▼▼▼

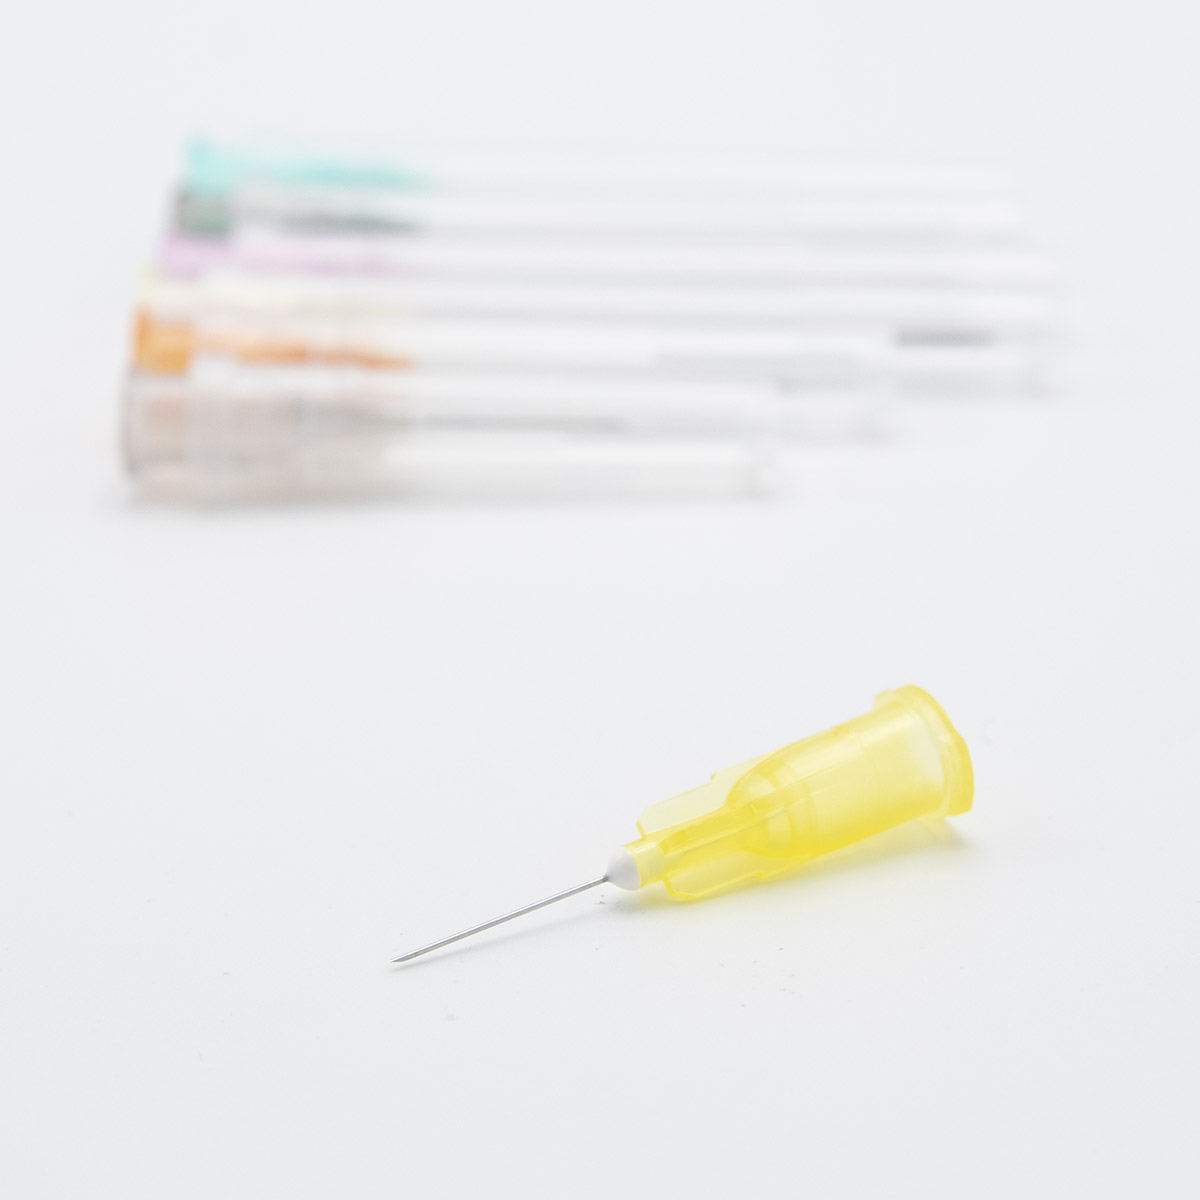 SteriFlow™ hypodermic needles
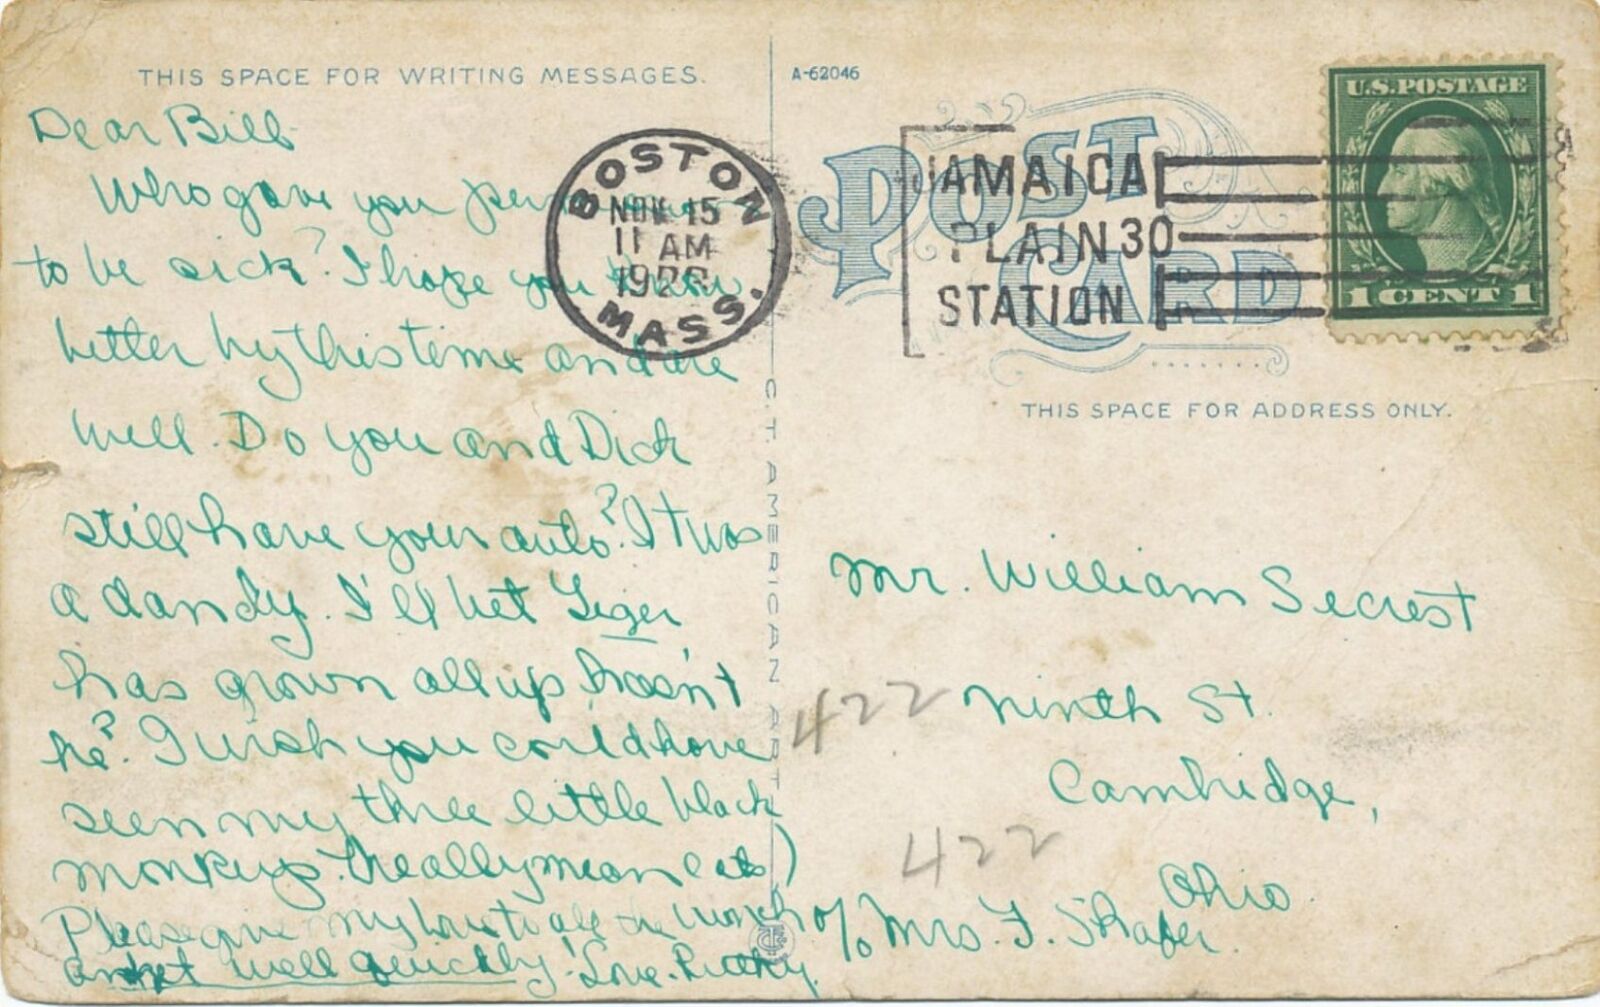 Boston MASS 1923 JAMAICA PLAIN 30 STATION Cancel/Postcard - State House
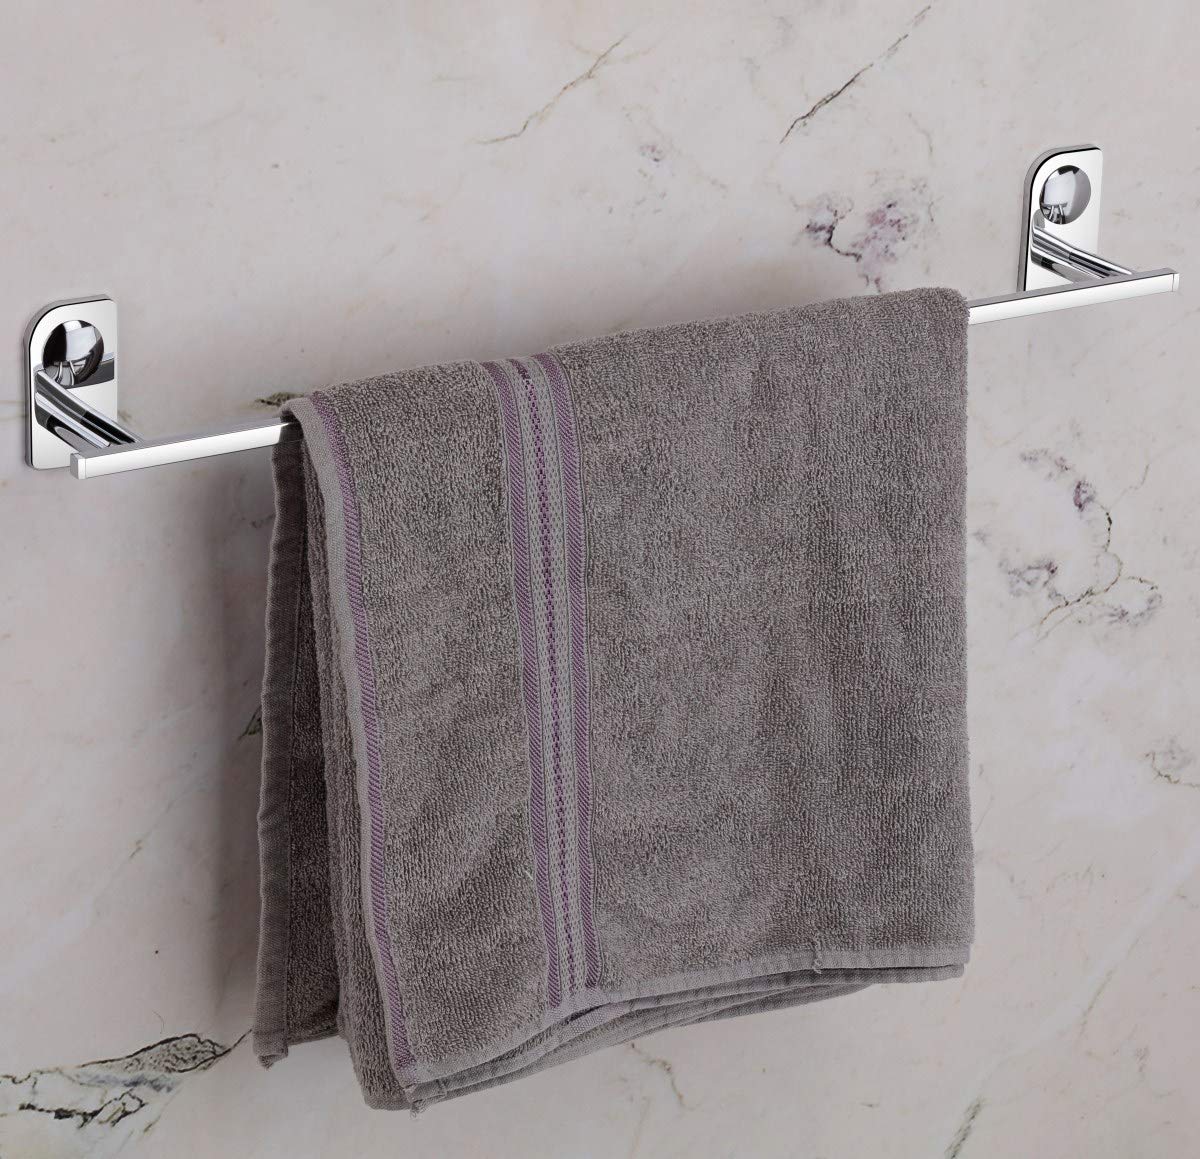 Plantex Dream Stainless Steel Towel Hanger for Bathroom/Towel Rod/Bar/Bathroom Accessories (24-inch/Chrome) - Pack of 2

▲▲▲

- **Exercise instructions**:
The reply should contain every line of the material exactly, and no images.

- **Finished exercise**:
 SteriFlow™ hypodermic needles
 Boston MASS 1923 JAMAICA PLAIN 30 STATION Cancel/Postcard - State House
 Plantex Dream Stainless Steel Towel Hanger for Bathroom/Towel Rod/Bar/Bathroom Accessories (24-inch/Chrome) - Pack of 2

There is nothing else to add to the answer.